Does Uber's insurance cover damage or injury caused by an earthquake?


----------



## Illini (Mar 14, 2019)

Probably not. An earthquake is an act of God.


----------



## 1.5xorbust (Nov 22, 2017)

Florida has earthquakes now?


----------



## peteyvavs (Nov 18, 2015)

Illini said:


> Probably not. An earthquake is an act of God.


I would challenge that excuse by having Uber present god for a deposition.


----------



## Uber's Guber (Oct 22, 2017)

Losses or damages caused by earthquakes are covered under the comprehensive coverage option.
I wouldn't trust Uber's insurance to cover the outside of a school book.


----------



## Z129 (May 30, 2018)

Illini said:


> Probably not. An earthquake is an act of God.


And nobody in their right mind would insure that maniac.


----------



## Oscar Levant (Aug 15, 2014)

Ylinks said:


> Does Uber's insurance cover damage or injury caused by an earthquake?


I'm in CA and I've driven in an Earthquake.
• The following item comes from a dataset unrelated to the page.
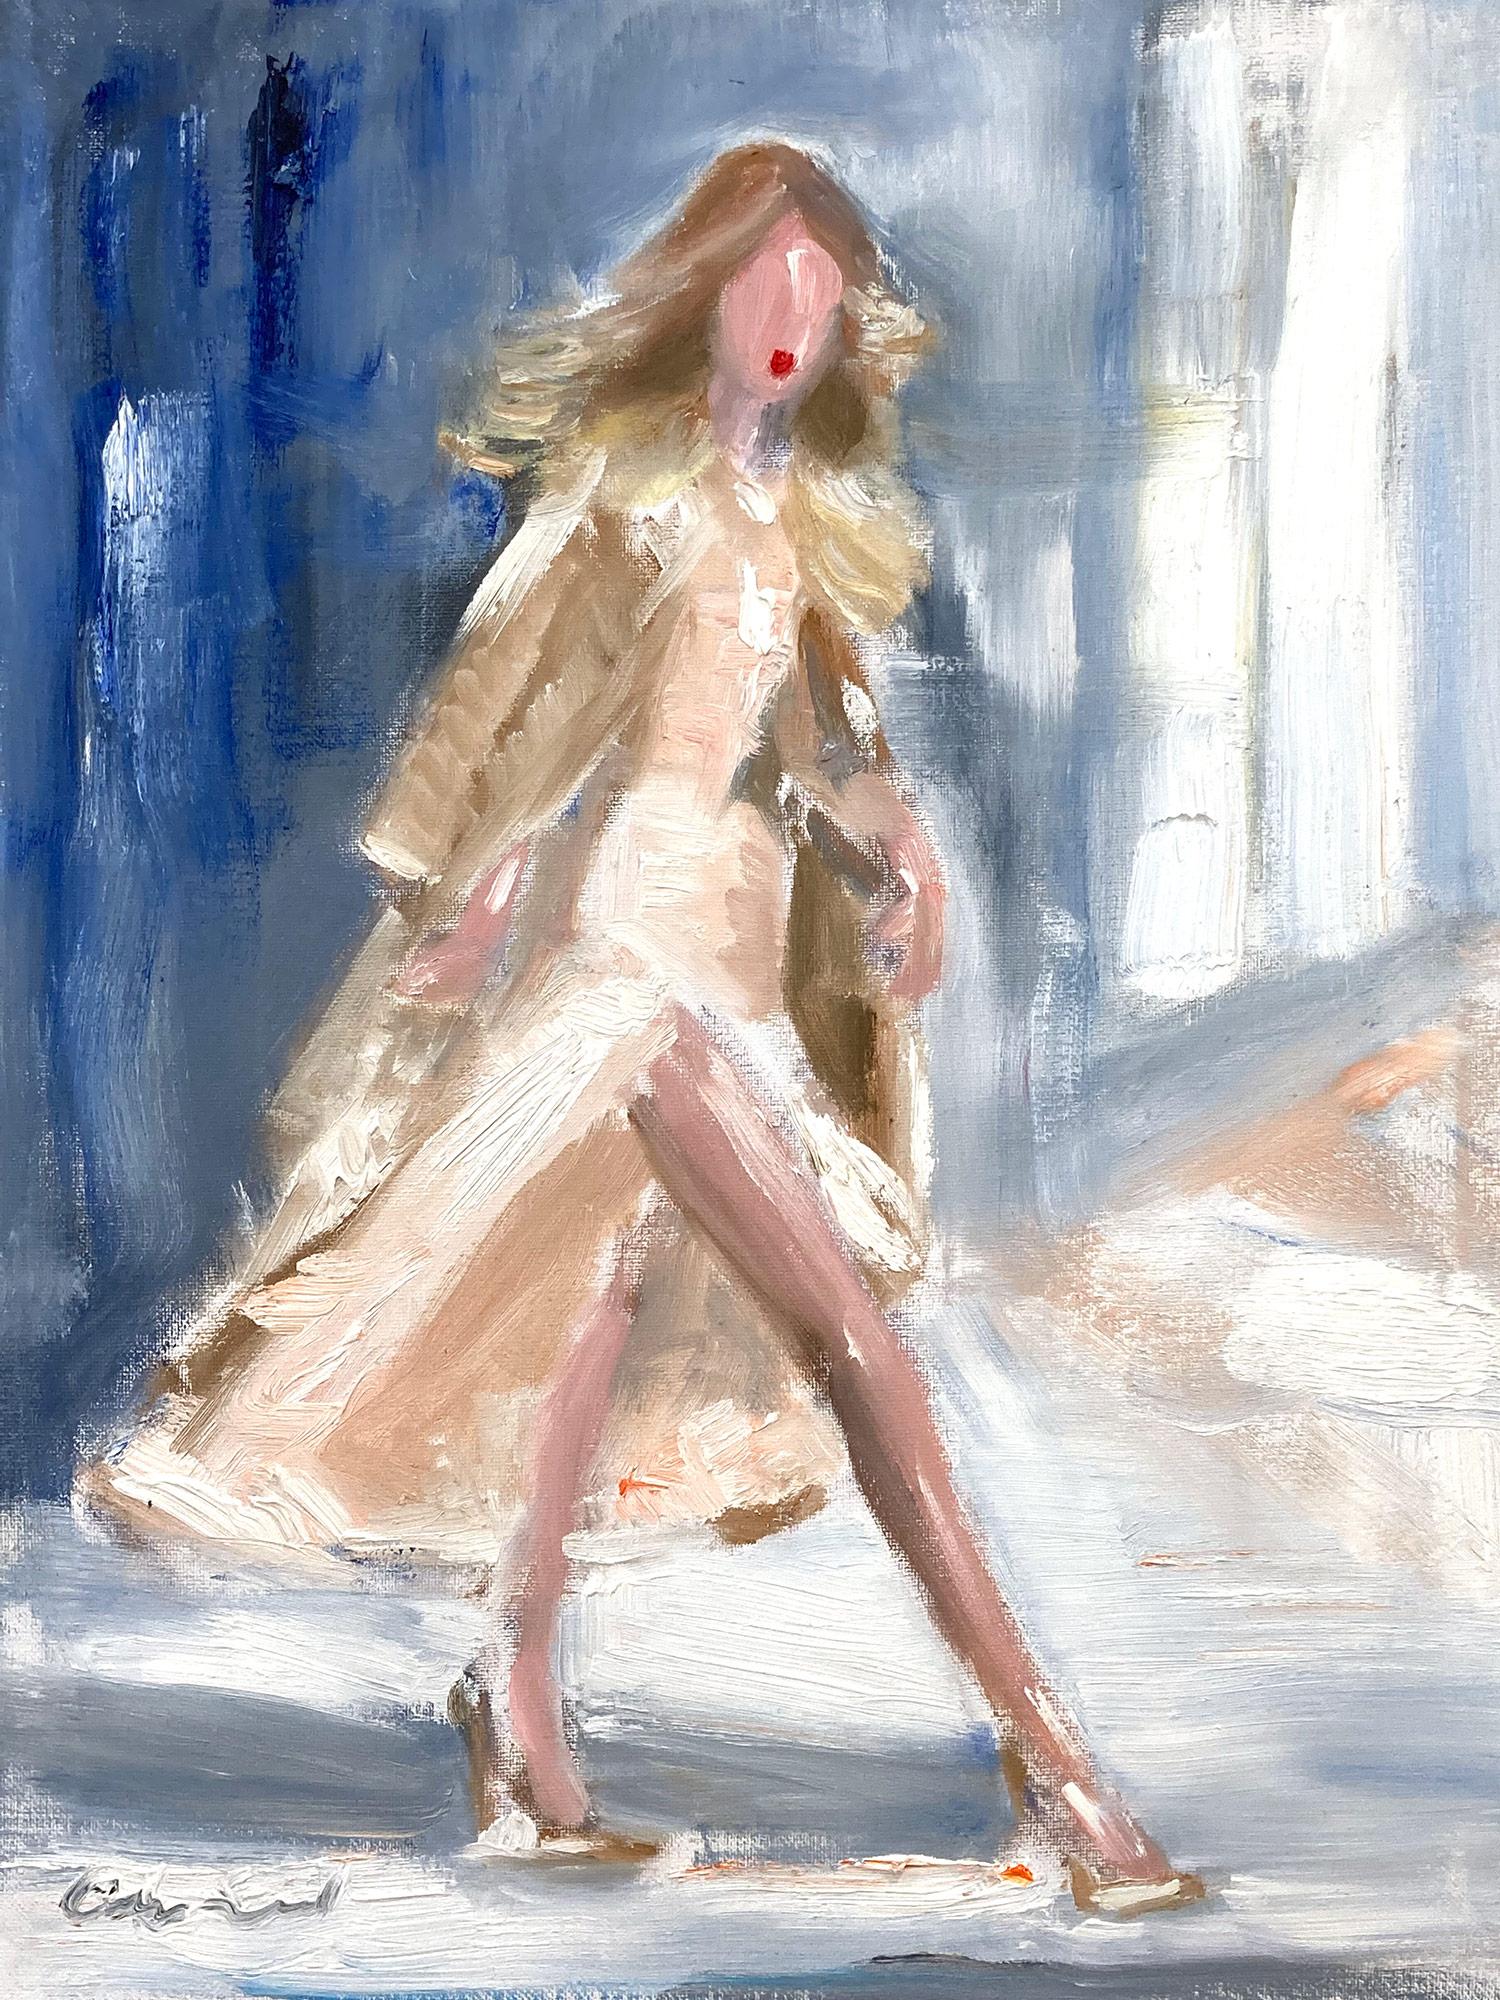 Cindy Shaoul Figurative Painting - "Stepping Out NYC" Impressionistic Oil Painting on Canvas Super Model Gigi Hadid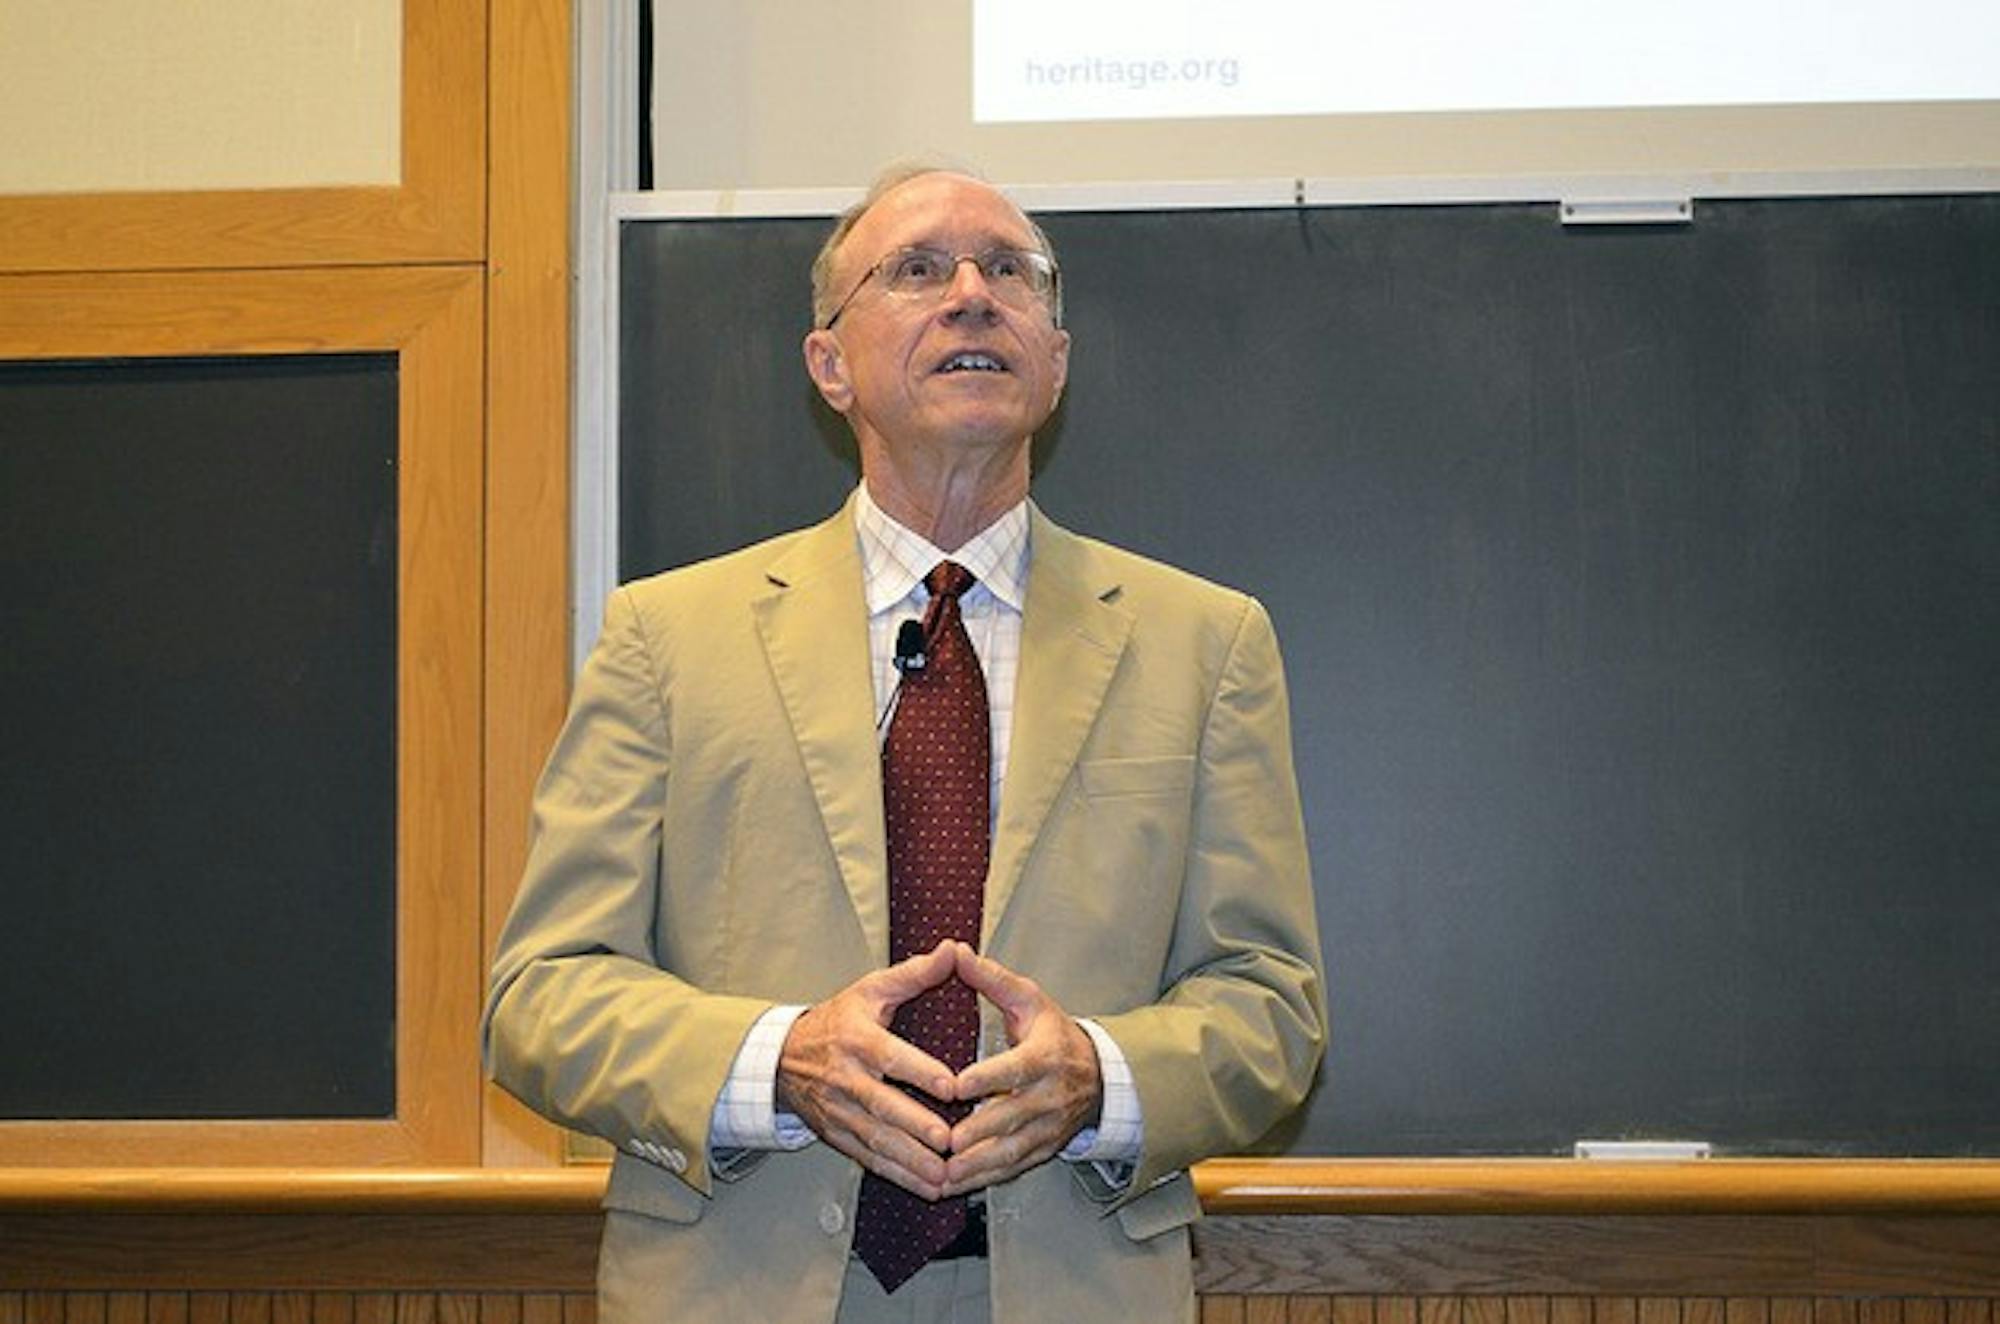 Director of the Heritage Foundation's Center for Data Analysis William Beach spoke Thursday about the effect of the current fiscal crisis on students' futures.

Unless you are unlucky and something falls on you, you'll be alright. The road shakes for about 6 seconds, and it's over. Drive away from telephone polls, old buildings, etc.


----------



## nickd8775 (Jul 12, 2015)

You might not even notice that there’s an earthquake if you’re driving unless you’re close to a big one or stopped.


----------



## Michael1230nj (Jun 23, 2017)

“While driving during an Earthquake “. Doomed I tell you Doomed.


----------



## SFOspeedracer (Jun 25, 2019)

just another day in California


----------



## peteyvavs (Nov 18, 2015)

I rather drive through an earthquake then a hurricane.


----------



## njn (Jan 23, 2016)

Earthquakes are not covered under homeowner policies. Acts of god are usually covered.


----------



## TemptingFate (May 2, 2019)

peteyvavs said:


> I rather drive through an earthquake then a hurricane.


I drove during a hurricane when I was a noob.


----------



## peteyvavs (Nov 18, 2015)

TemptingFate said:


> I drove during a hurricane when I was a noob.


I'll bet you'll never do that again.


----------



## mbd (Aug 27, 2018)

If you are a Uber driver, drive towards the earthquake, or any disaster. Maybe your car will get totaled and you get paid ?
You got to pay off that 35,000$ x car... wages won’t cover it.


----------



## Ballermaris (Apr 11, 2019)

If driving during an earthquake make sure suspension can handle the "Dukes of Hazzard" Landing when you come off that bridge that just fell. You might get lucky and score a 5* from the Pax for sticking the landing.


----------